Used the right way, structured query language (SQL) can be an advantage for any organization's operations. Used the wrong way, it can be a headache for IT professionals.
A majority of computing operations are dependent on the ability to access information from a database. That's where SQL queries come in.
So the efficiency of SQL queries in DB2 can dramatically impact the tasks running on IBM i.
But as organizations store larger volumes of information (and leverage data-intensive applications), speed becomes a much greater concern. How can operators improve DB2 performance?
Kent Milligan, a Senior DB2 Consultant at IBM, has a lot to say on the subject. Catch every word of it. Watch the on-demand webinar >
Here's what you need to know to better understand the factors that affect DB2 performance on the i—and how to keep your SQL queries running smoothly.
SQL Requests on IBM i
DB2 runs an SQL request in three primary stages: optimize, open, and run.
The optimizer analyzes a request and looks at your system to determine the best way to run a query. This information is stored in a plan template for the run phase.
The plan template is sent to the open phase, which is what actually creates the processes that follow the blueprint. This is where the run-time structures that DB2 requires are implemented.
This phase is what actually runs those outlined processes to display a result to the user.
How These Queries Work
The first two steps generally happen pretty quickly, though time may increase for particularly large databases. There are many factors that can influence how quickly a particular request runs, like how much the hardware is already being utilized and the speed of the CPU.
One way to tune DB2 performance is to look at how the applications themselves perform scans.
An IBM's developerWorks blog post written by DB2 consultant Dave Beulke highlighted several practices that can improve overall system performance. This, in turn, has a positive influence on request run times:
- Avoid unnecessary table space scans
- Limit the number of prefetch and index scans used
- Use techniques such as limited expressions
A table space scan is one of the most resource-intensive DB2 paths. Excessively using these and other taxing processes such as prefetch and index scans can consume extra CPU and limit application throughput.
Beulke cited an example of one client's system review, which found that 1/10 of the organization's applications performed table space scans. That is significantly more than recommended industry best practices.
The only drawback to these strategies is that they require a thorough review of your organization's software. And they may also necessitate some programming changes to make software interact more efficiently with DB2.
IT teams that are already strapped for time (and what IT team isn't?) may find it difficult to make room in the schedule for such an extensive review process.
Fortunately, there are several DB2 performance tools that are easy to leverage and allow organizations to make improvements more quickly.
DB2: A Primer on Performance
There have historically been two engines for processing SQL queries on IBM i. The first is the classic query engine (CQE), which was designed to process queries that came from non-SQL sources. CQE was a temporary fix to address the growing popularity of SQL. Today, the CQE is used less and less.

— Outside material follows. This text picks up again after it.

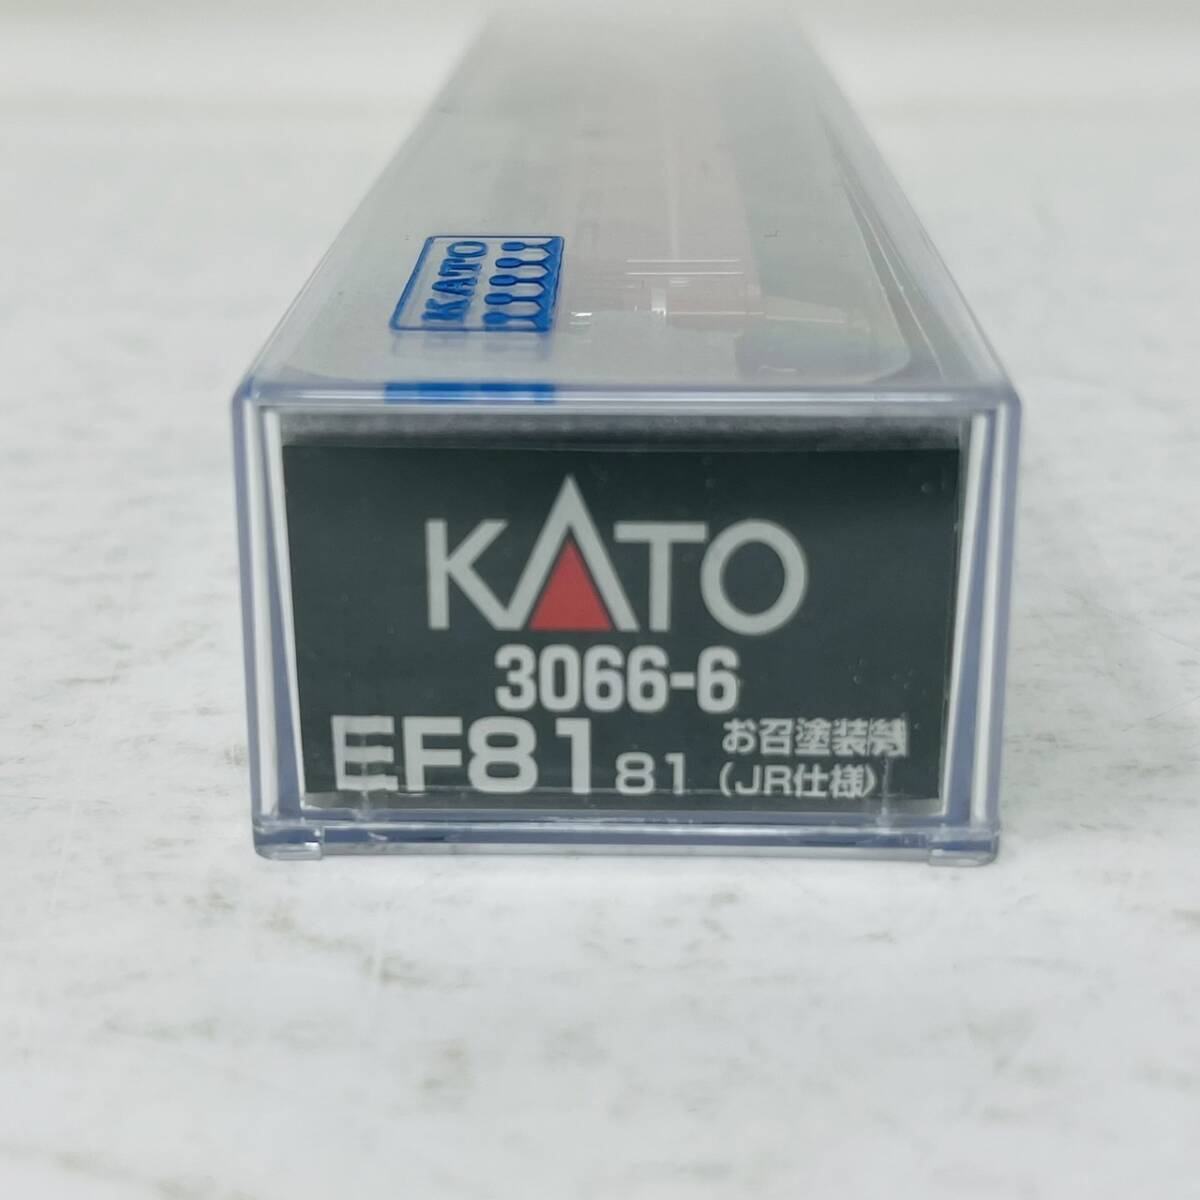 【完品】 KATO 3066‐6 EF81 81 お召塗装機 JR仕様 / Nゲージ 鉄道模型 N-GAUGE カトー_画像2

There are significant performance improvements of SQE over CQE,
Milligan offered the example of a customer that converted its Query/400 reports into SQL statements. As a result, the time required to run reports dropped from 90 minutes to 20 to 30 seconds. This is less of a concern for organizations using IBM i 7.1 or later. In these releases, all SQL requests are processed using SQE.
Common DB2 Performance Tools
There are several handy tools for monitoring and improving query performance in DB2.
The plan caching tool made its debut in V5R4 and has been enhanced in major releases since then.
This tool can do SQL performance analysis without running any other processes on the system. It provides a graphical interface to show the plan templates the optimizer creates. You can also look at all of the plans stored in the cache at a given time with the option to filter by user or other criteria.
But there's one thing you should keep in mind. The data will be highly dynamic, so users may want to utilize the snapshot functionality to perform an analysis on static information.
The data in the plan-caching tool can be used to identify longest running statements to isolate and investigate performance issues. Or it can be used to look at statements that are currently active on the system for real-time analysis.
IBM introduced this tool with V5R4 to automatically record index advice from the optimizer. The graphical interface makes it easier to investigate whether indexing is the source of query performance issues.
While beneficial, it's important to note that this tool is not meant to replace human insight.
Yes, you will have a more robust understanding of the jobs running on your system than any automatic tool. But the advisor can act as a supplement to that knowledge.
Milligan used the example of a customer that had one index being advised two million times. This would be an indication that an index should be created as long as it fits with the tasks that are most often run.
With 6.1, IBM added a condenser to consolidate overlapping index key advice.
Creating a bunch of new indexes can contribute to index sprawl and wasted disk storage space.
The index evaluator analyzes existing indexes and identifies ones that are not used.
This tool is especially valuable for complex databases. For instance, the optimizer may not use a particular index in its process. But it can still leverage some of the information from that index for improved query optimization.
Evaluator tracks when indexes are used both in queries and for stored statistics.
Complete Visibility Over Your Database
The actual performance gains from each of these tools may vary depending on the types of queries being run and the complexity of the database in question.
Regularly using them will ensure that operators can maintain complete oversight of their systems and address performance issues more quickly.